Non che la figura di Caffi e il suo pensiero siano stati del tutto dimenticati: per citare solo qualche esempio, il suo grande amico e allievo Nicola Chiaromonte ne ha pubblicato a più riprese gli scritti più tardi (Critica della violenza 1966); nel 1970 Gino Bianco ha pubblicato i suoi Scritti politici e, nel 1977, ha scritto un primo saggio biografico su di lui (Un socialista “irregolare”); nel 1993 si è tenuto a Bologna un importante convegno, i cui atti sono raccolti in Andrea Caffi un socialista libertario a cura di Gianpiero Landi (1996).
Negli ultimi vent’anni, c’è stata un’ulteriore “riscoperta” di Caffi, grazie sia alla ripubblicazione di alcuni suoi saggi (per esempio in politics e il nuovo socialismo e in Cosa sperare? entrambi del 2012); sia agli studi di Marco Bresciani che ne ha scritto una biografia ben documentata (La rivoluzione perduta, 2009). Oggi quest’opera di “riscoperta” compie un ulteriore passo in avanti con la pubblicazione di La dottrina fascista. Ovvero il fascismo nella storia superiore del pensiero: un manoscritto inedito, redatto da Caffi a Parigi nel 1932, che avrebbe dovuto contribuire a contrastare la propaganda fascista in Europa.
L’occasione che spinge Caffi a scrivere queste pagine è la richiesta fattagli da Gaetano Salvemini di collaborare ai suoi studi sul fascismo. Salvemini, per la verità, aveva commissionato a Caffi un contributo sulla condizione delle minoranze nazionali sotto Mussolini, ma si vede consegnare un lungo saggio sulla dottrina del fascismo. Si trova traccia di questa vicenda in una lettera di Salvemini a Giorgio La Piana, del 27 luglio 1932, in cui si legge: «Figurati che Caffi dopo avermi portato 300 – diconsi 300 cartelle sulla dottrina del fascismo – mi avvisò che il diluvio non era finito; mi avrebbe presto portato il resto; ma finora non ha più dato segni di vita» (G. Salvemini, Lettere americane 1927-1949, a cura di R. Camurri, presentazione di P. Marzotto, Roma, Donzelli, 2015, p. 73). Il lavoro di Caffi sulla dottrina del fascismo non è poi utilizzato da Salvemini e il manoscritto sarà depositato nelle carte di Angelo Tasca, rimanendo nell’archivio della Fondazione Feltrinelli fino a oggi.
Si tratta di un testo ironico (fin dal titolo) ma anche profondo, che ha nel regime di Mussolini il suo chiarissimo obiettivo polemico, ma che non concede niente a facili parole d’ordine e non rinuncia allo sguardo analitico che permette di comprendere a fondo gli avvenimenti. In estrema sintesi, Caffi riconduce la «dominazione di barbari» che si è instaurata in Italia nel 1922 a tre fattori.
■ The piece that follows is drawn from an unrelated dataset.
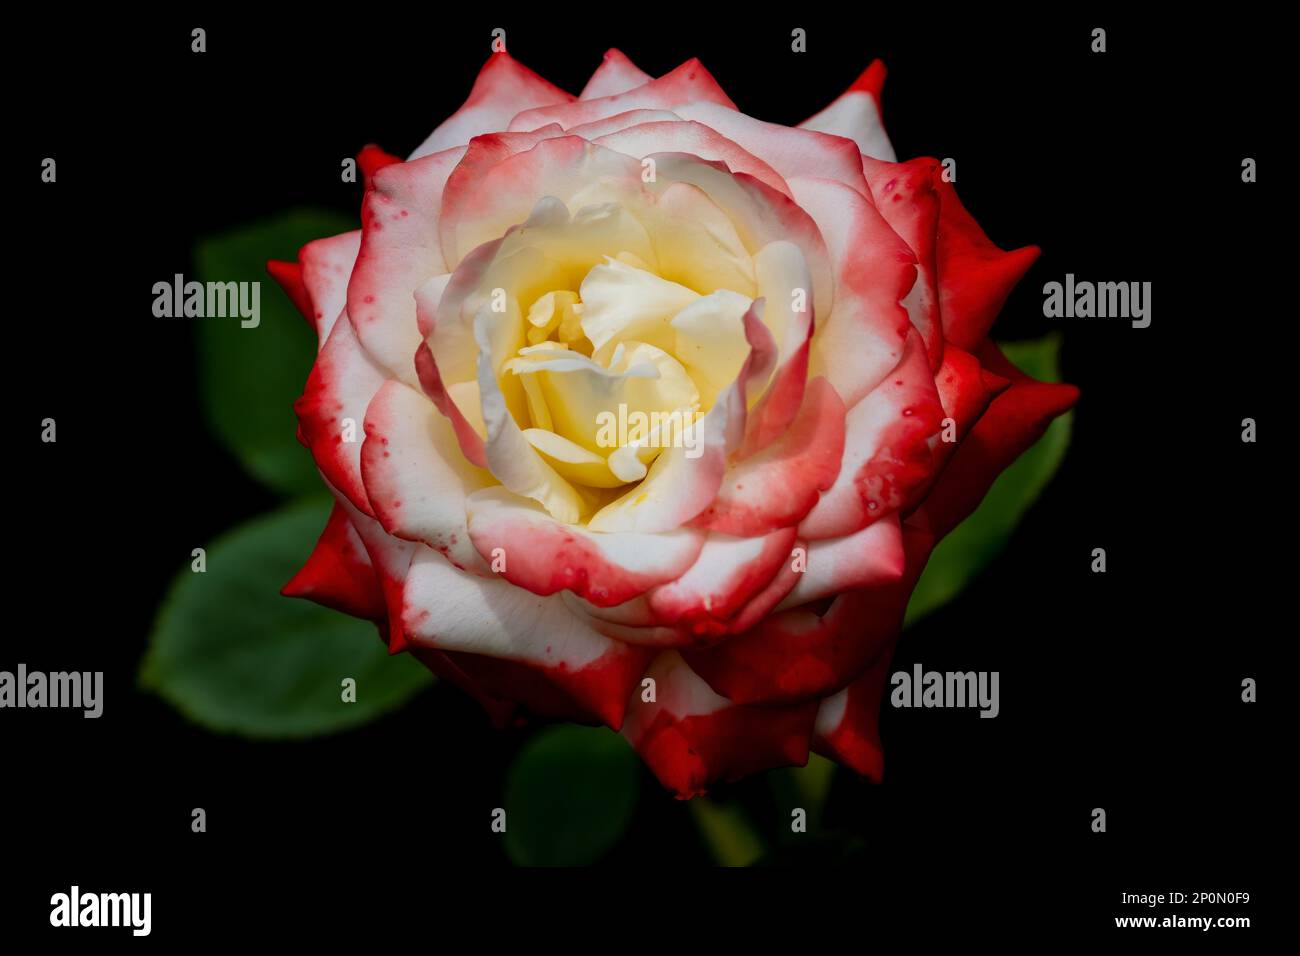 Magnifique rose rouge sur fond sombre. Symbole de l'amour et de la passion. Fleur de jardin populaire Banque D'Images

Il primo è la crisi morale e sociale causata dalla guerra: il fascismo nasce «non da recondite profondità ma dal tumulto di confuse aspirazioni che [agitano] le schiere, dalle quali Mussolini [vuole] farsi obbedire». Si tratta di «schiere» abituate alla violenza, all’obbedienza cieca in fabbrica e sotto le armi, alla demagogia più volgare, e alla fede nella possibilità di risolvere problemi complessi con azioni improvvise e definitive. Il secondo fattore è la disillusione causata da due grandi tradimenti: quello delle élites liberali e democratiche, che hanno spesso finito per usare i loro ideali per mascherare le loro mire di dominio oligarchico; e quello dei capi bolscevichi che, lungi dal rompere le catene dell’oppressione, hanno insegnato ai popoli ad abbandonare ogni speranza di un assetto sociale equo. Il terzo fattore, infine, è rappresentato dalle condizioni generali di vita nelle società industrializzate di massa, che produce effetti distruttivi sulle relazioni sociali e su tutto ciò che rende umana la vita degli individui. L’esito di questi fattori è la dittatura: la completa irreggimentazione della società, l’estensione del militarismo a tutti i rami dell’amministrazione e dell’organizzazione sociale, la soppressione spregiudicata delle più elementari libertà. Tutto questo non viene solo imposto con la forza, ma anche preparato e difeso (per esempio da intellettuali come Alfredo Rocco o Giovanni Gentile) con argomenti in apparenza coerenti ma che, per Caffi, nascondono una profonda miseria culturale e malafede. (Alberto Castelli)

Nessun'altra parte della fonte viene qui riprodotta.